GMD & Submarine Cable Vulnerability (SCUBAS)
Characterizing induced underwater geoelectric fields and geomagnetically induced currents along submarine fiber-optic cable routes
Overview
This research is focused on the characterization of induced underwater geoelectric fields (GEFs) and potential along submarine cables during various geomagnetic disturbances (GMDs). Geomagnetic disturbances, originating from diverse space weather phenomena, induce GEFs at different spatiotemporal scales within the Earth and water bodies. These GEFs, in turn, generate geomagnetically induced currents (GICs) that flow through electrical infrastructure, posing a significant risk to critical systems like submarine cables during intense space weather events.
To achieve this, we utilize SCUBAS (Submarine Cable Upset By Auroral Streams), an open-source computational model developed in Python, specifically designed to estimate induced underwater GEFs and voltage in the presence of geomagnetic perturbations recorded by ground-based magnetometers. SCUBAS leverages advancements in magnetotelluric (MT) studies and GIC understanding, marking a substantial advancement in analyzing and predicting the impact of space weather on submarine cable systems.
Thin-Sheet Electromagnetic Model
SCUBAS employs a generalized thin sheet analysis specifically designed for frequencies that penetrate through both the conductive and resistive layers. This analysis allows for a comprehensive understanding of the electromagnetic behavior of this layered structure (Ranganayaki and Madden, 1980).
Fig 1. The thin-sheet electromagnetic model used in SCUBAS to estimate geoelectric fields across the ocean floor. The model accounts for seafloor conductivity heterogeneity and sediment thickness, representing the double-layer structure as a transmission line with series impedance Z and parallel impedance Y.

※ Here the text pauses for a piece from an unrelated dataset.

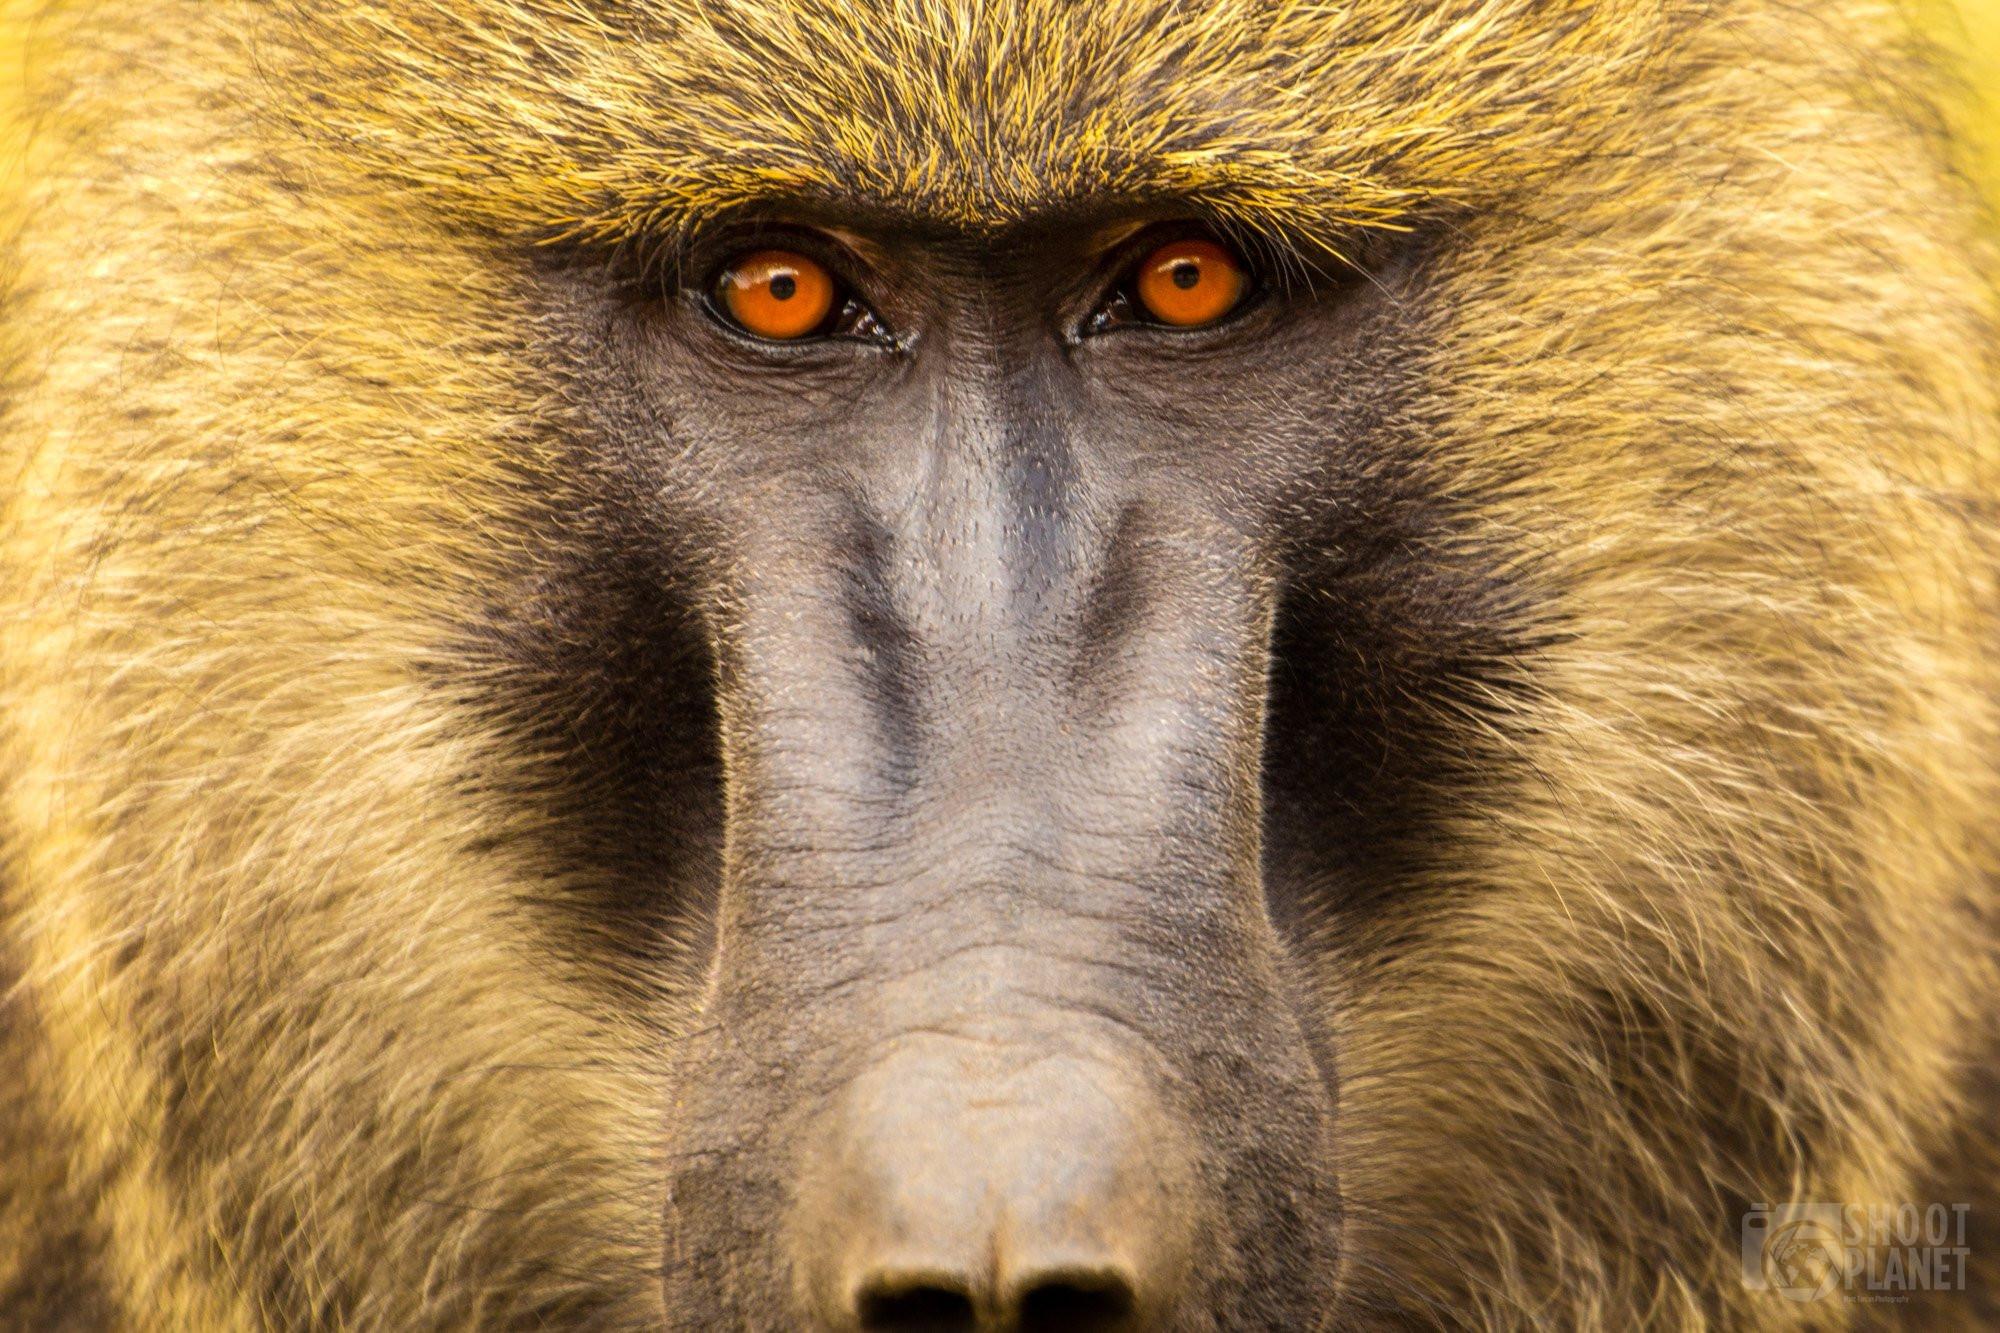 Staring olive baboon eyes close-up, Serengeti Tanzania

More recently, Wang et al. (2023) demonstrated that the generalized thin sheet analysis can be effectively implemented by representing the double layer as a transmission line. This transmission line model incorporates the concept of series impedance (Z), which takes into account the resistivity and thickness of the conductive layers, and a parallel impedance (Y), which accounts for the resistance through the resistive layers.

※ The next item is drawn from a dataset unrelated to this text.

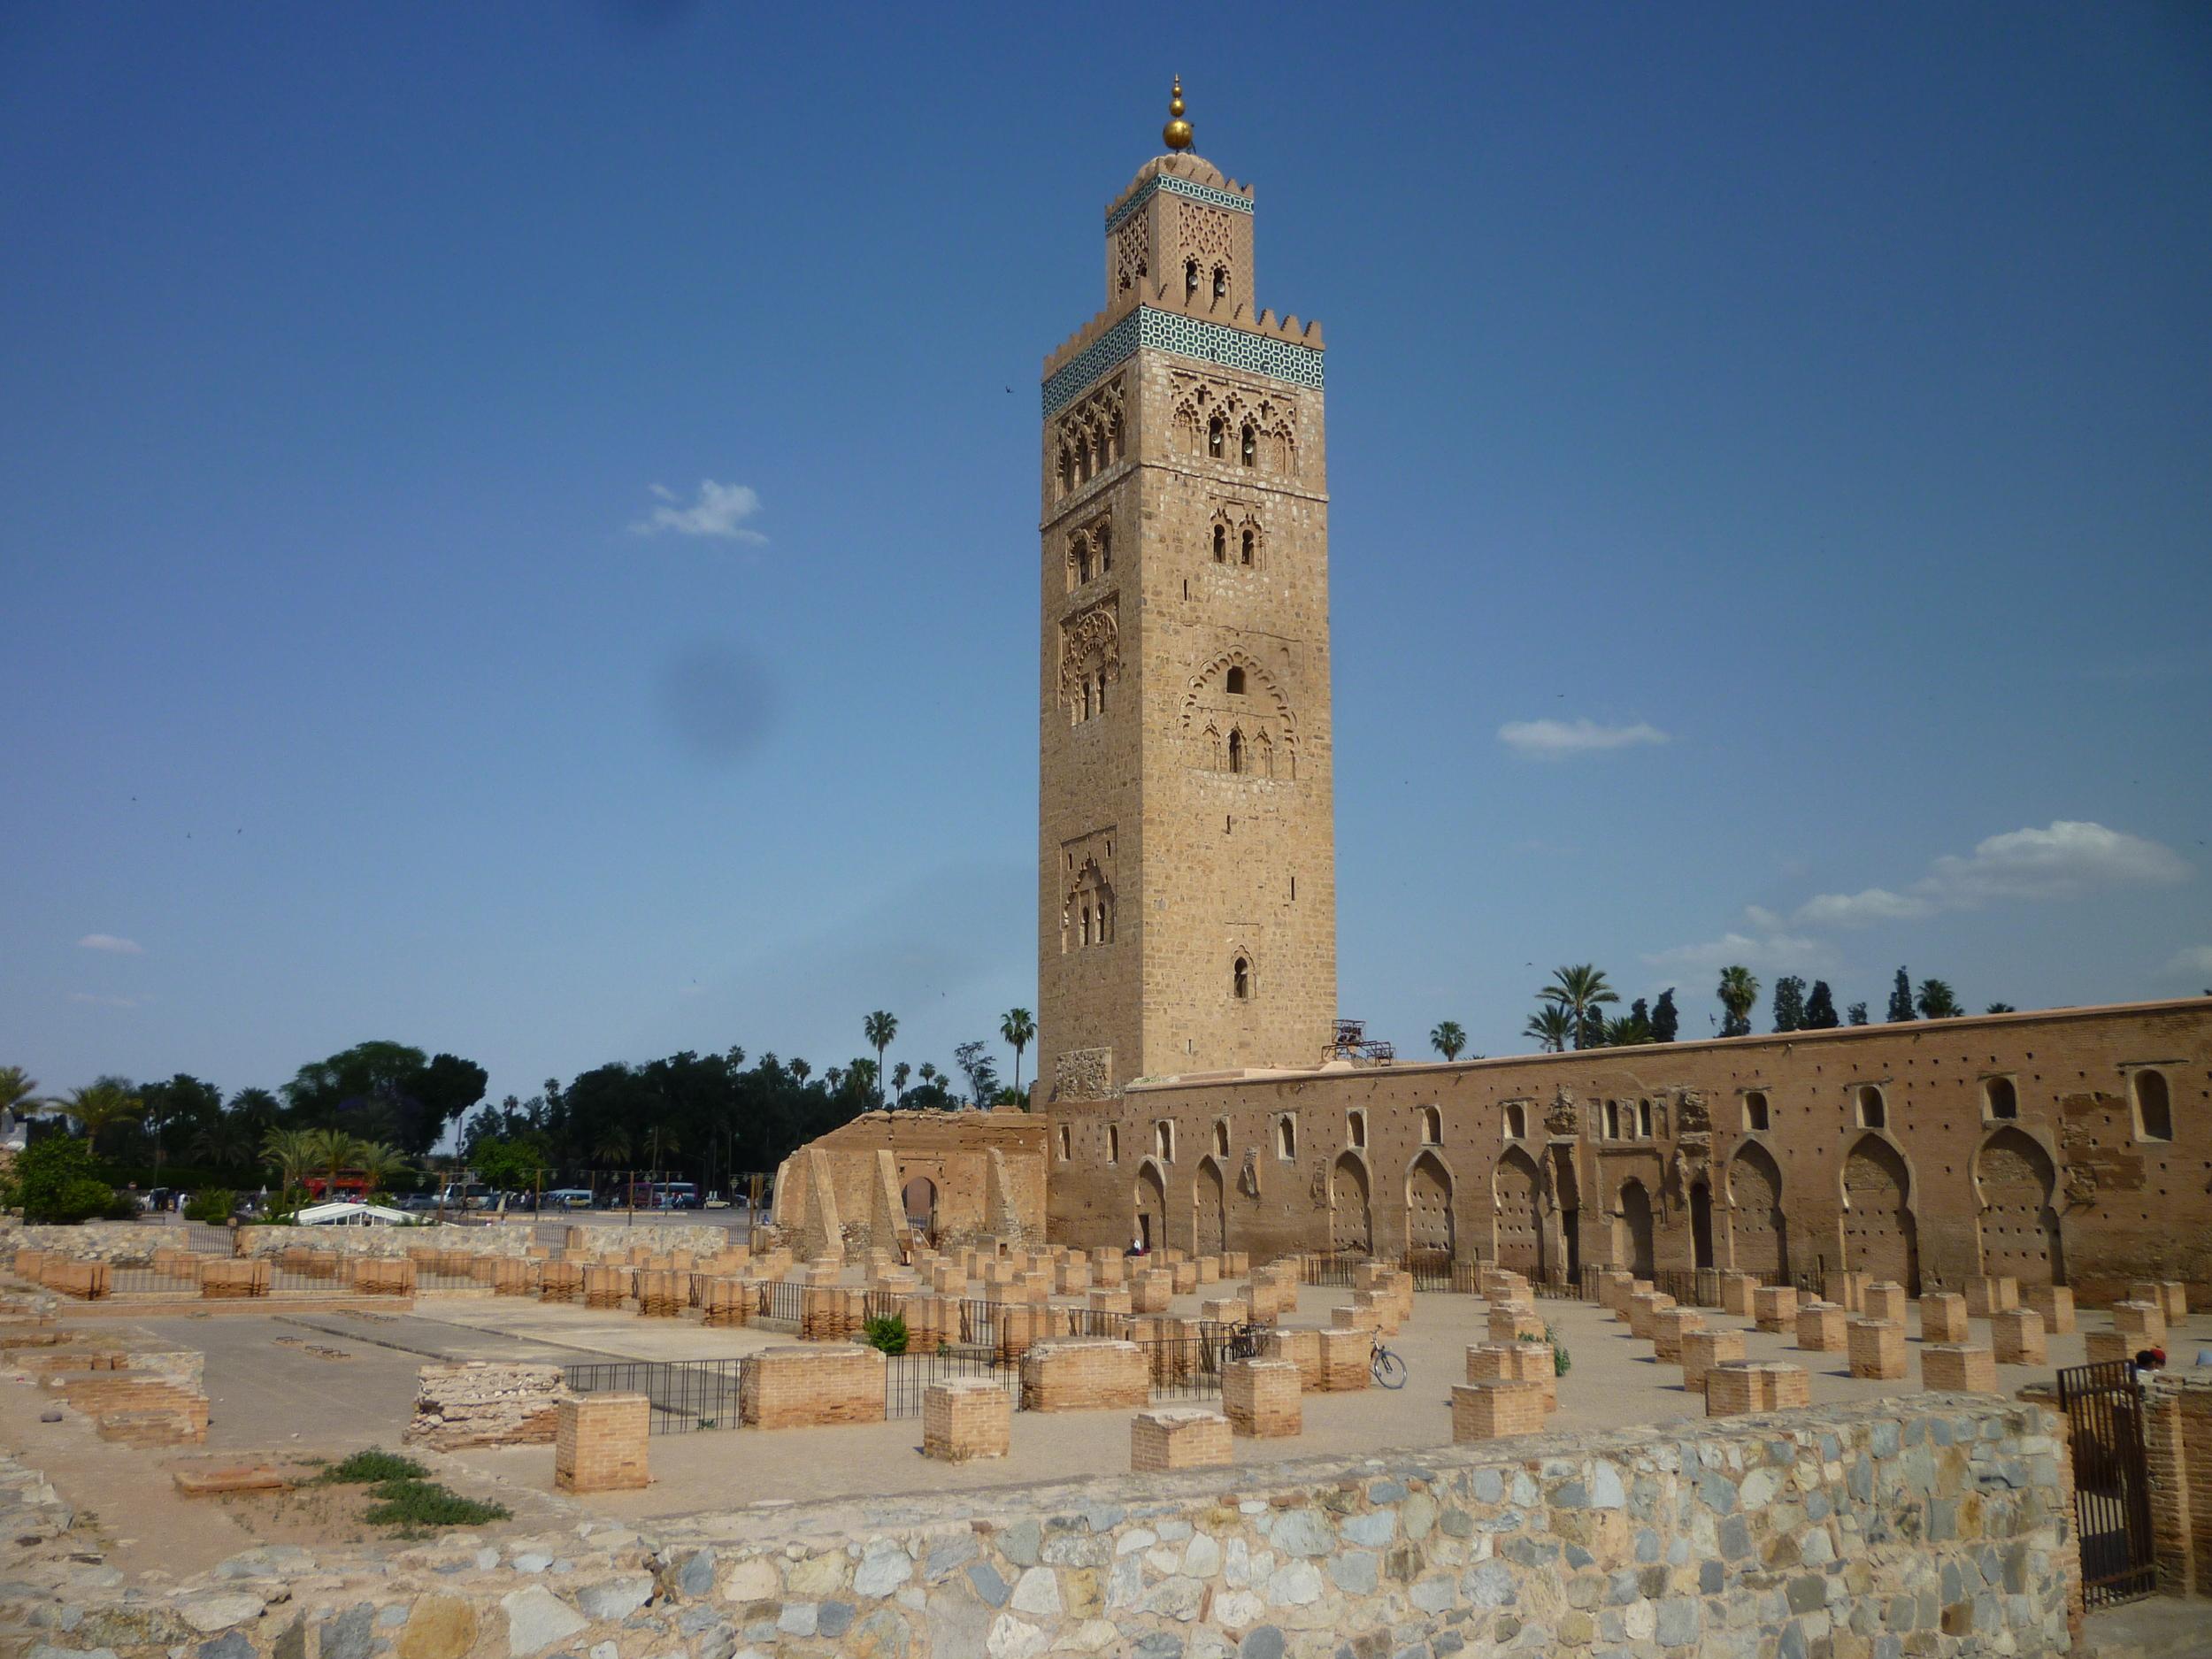 Marokko - mei 2013 275.jpg

Geomagnetically Induced Voltages in Cables
Fig 2. Geomagnetically induced voltage distribution along a transoceanic submarine cable during an extreme geomagnetic storm, computed using SCUBAS. Peak voltages can exceed the tolerance of repeater equipment.
Global Cable Network Vulnerability
Fig 3. Global submarine cable network showing routes assessed for geomagnetic vulnerability. High-risk corridors include North Atlantic, North Pacific, and routes crossing continental shelves with thin oceanic crust. This research addresses critical concerns in safeguarding submarine cable infrastructure against space weather-induced disruptions.